# new member and new to the uk... hello everyone



## lkrowland (Dec 12, 2011)

hows it going i have just moved here from texas, I'm current trying to do my first show in october next year as a light heavyweight, alway looking for advice on increasing my gains


----------



## MRSTRONG (Apr 18, 2009)

howdy partner :cowboy:


----------



## Pictor (Jan 10, 2011)

Welcome to uk-m mate


----------



## darksider (Apr 5, 2011)

Yippy kai yay:thumb:


----------



## lucs (Apr 8, 2011)

hello and welcome


----------



## JM (Oct 28, 2010)

Welcome to UKM


----------



## atlant1s (Feb 15, 2011)

Hello and welcome to UKM :cowboy: (got some beef jerkey with u? Love 'em!!)


----------



## Matt 1 (May 8, 2010)

alrite


----------



## bally (Feb 15, 2009)

welcome to UKM mate.


----------



## 1968 chevelle (Dec 8, 2011)

Welcome good luck


----------



## lkrowland (Dec 12, 2011)

atlant1s said:



> Hello and welcome to UKM :cowboy: (got some beef jerkey with u? Love 'em!!)

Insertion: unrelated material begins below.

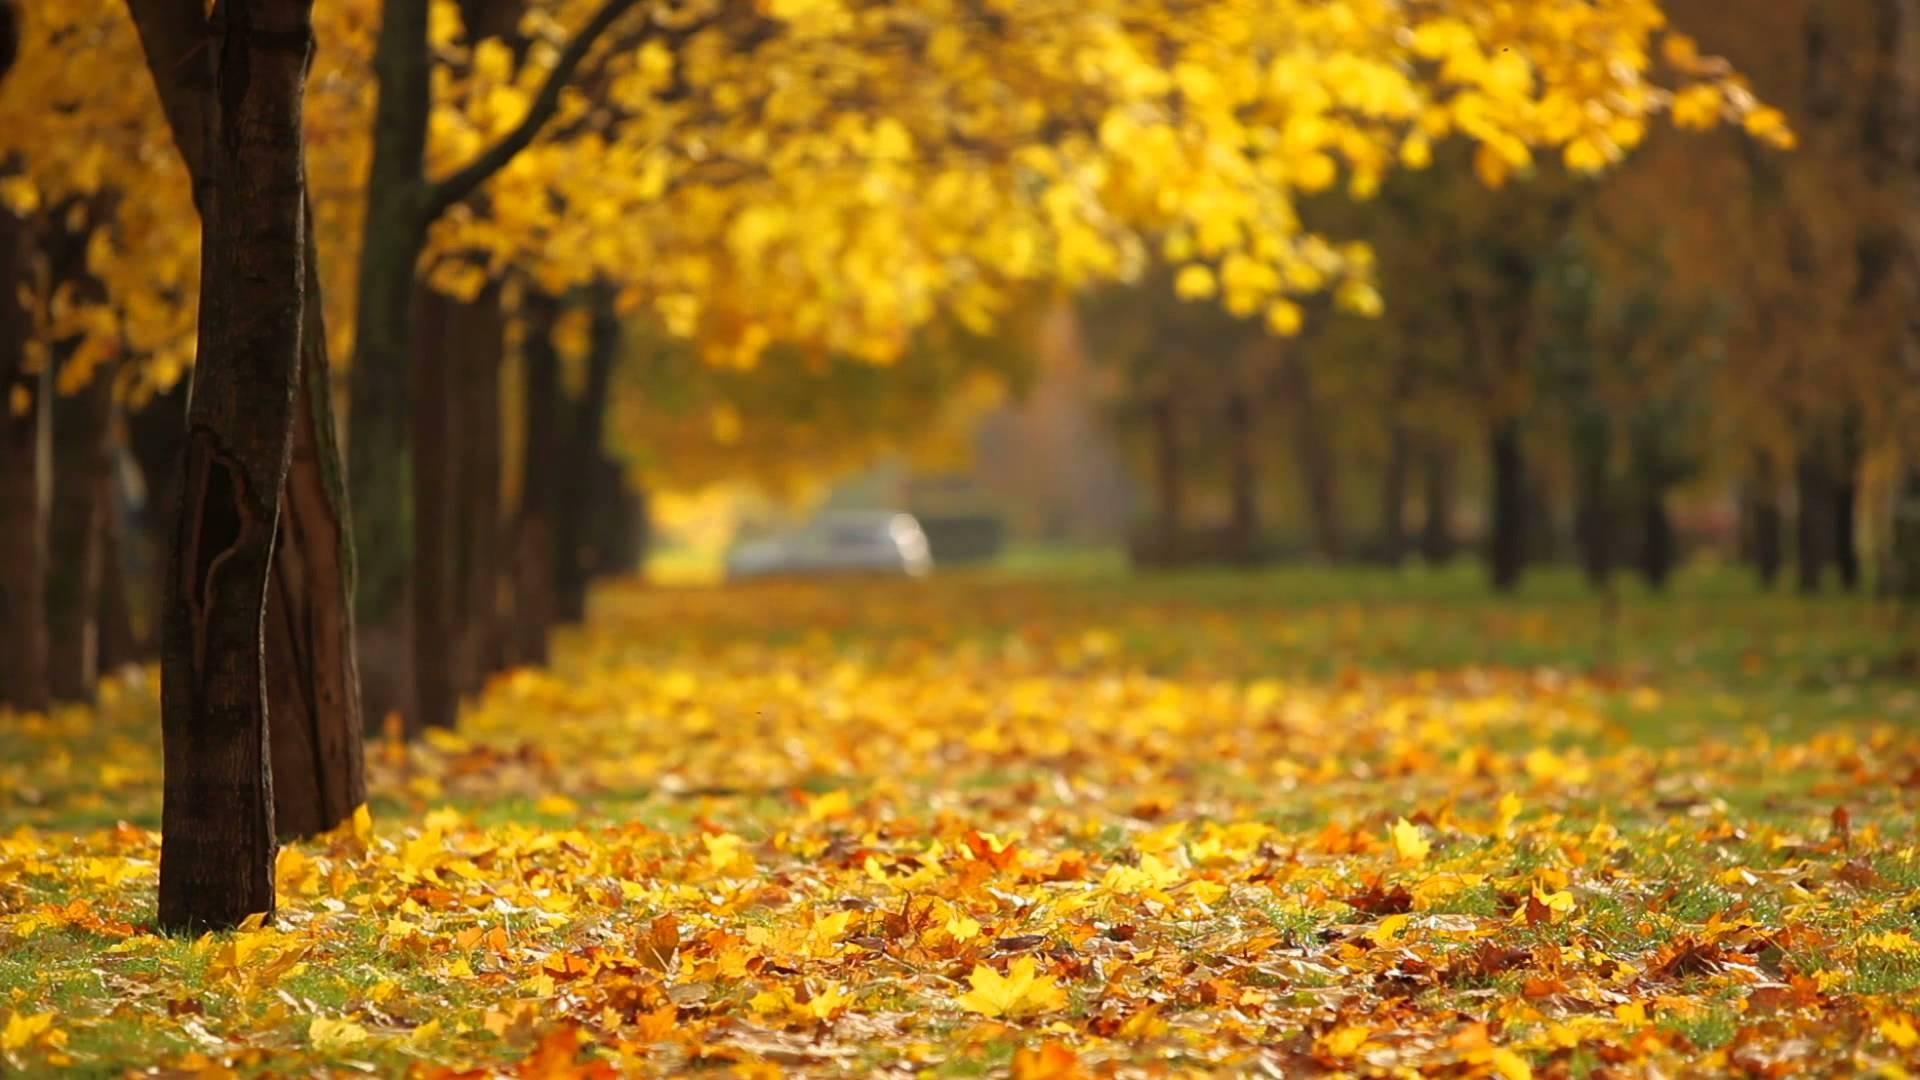 Pretty Fall Iphone Wallpaper Fall Background 183 ① Download Free Stunning Full Hd
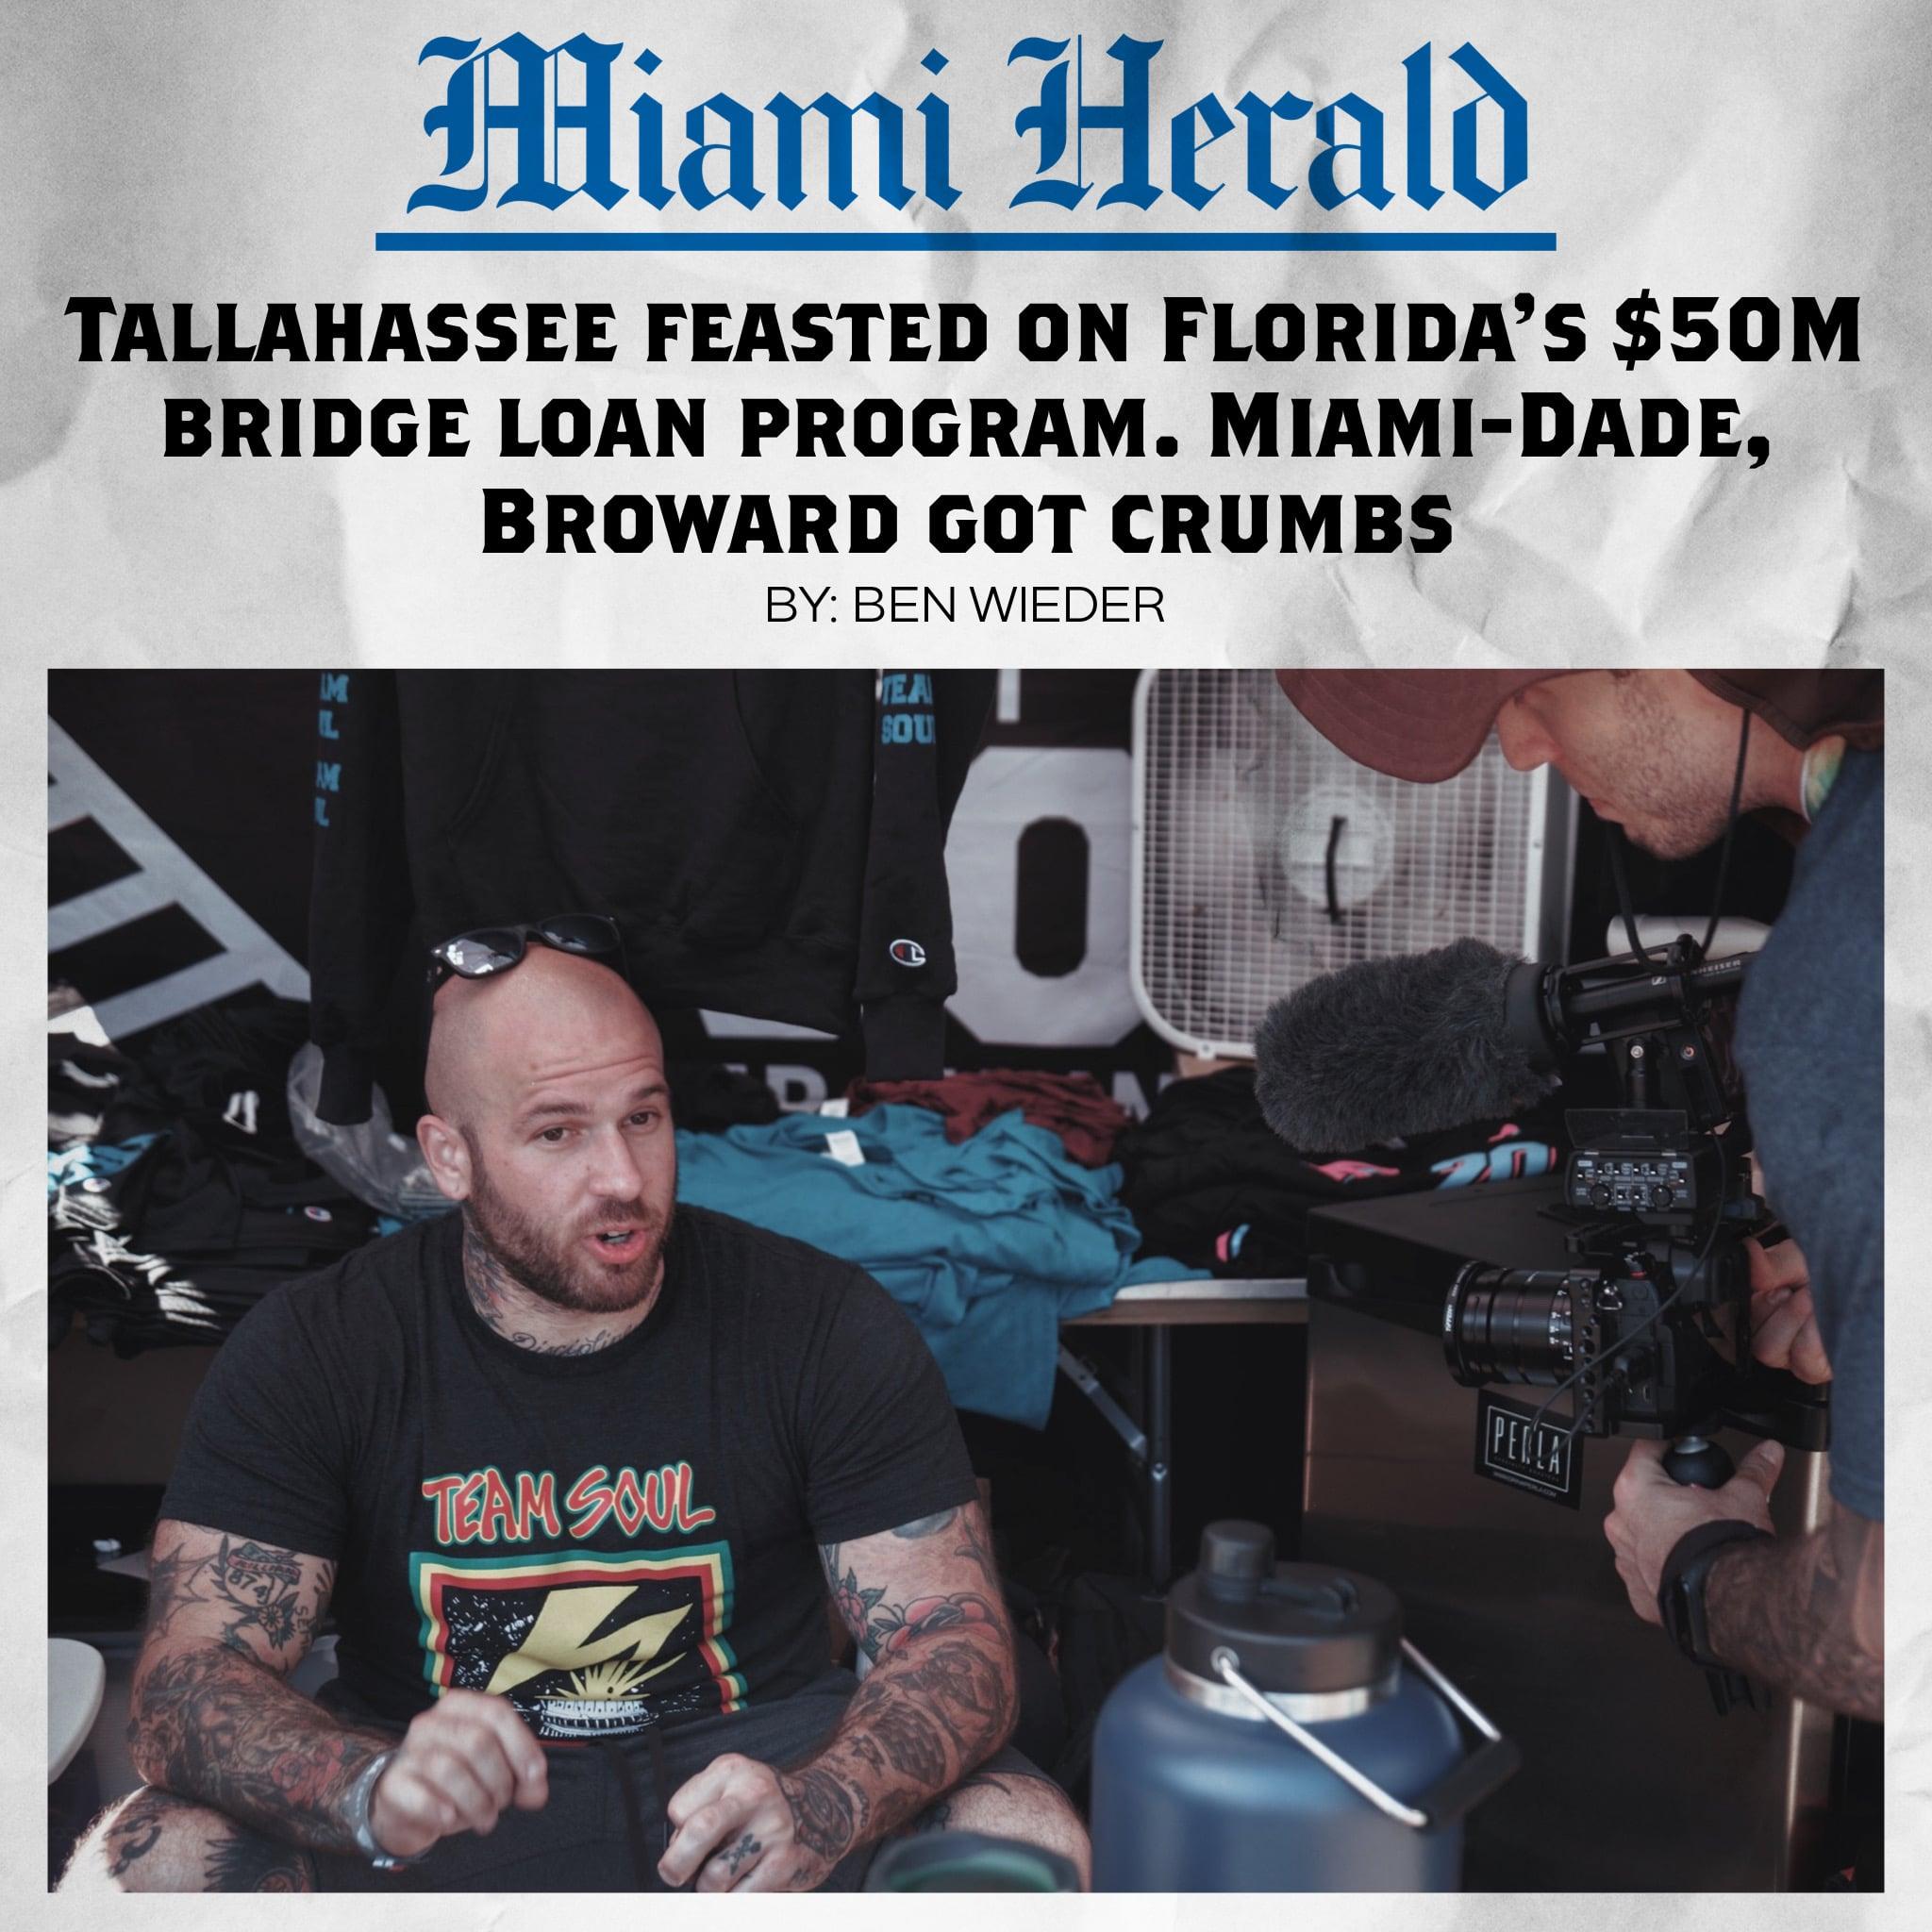 Miami Herald: Tallahassee feasted on Florida's $50M bridge loan program. Miami-Dade, Broward got crumbs

 when my dehydrator gets here i will be making 24/7


----------



## Readyandwaiting (Mar 20, 2011)

H - TAWWWWWWWWWWWWWWNNNNNNNN UP IN THIS BIITCH!

WA'S HANIN BAABY??

LONESTAR STATE


----------



## Readyandwaiting (Mar 20, 2011)

Do you know Alex Jones of Infowars.com?

I don't blame you coming to the UK with USA passing that hideous new law of being able to arrest and detain citizens without trial.

Oh yea and FEMA camps


----------



## lkrowland (Dec 12, 2011)

Readyandwaiting said:


> Do you know Alex Jones of Infowars.com?
> 
> I don't blame you coming to the UK with USA passing that hideous new law of being able to arrest and detain citizens without trial.
> 
> Oh yea nad FEMA camps


i know of him but never listened or been on his website (til about 10 min ago) why you ask?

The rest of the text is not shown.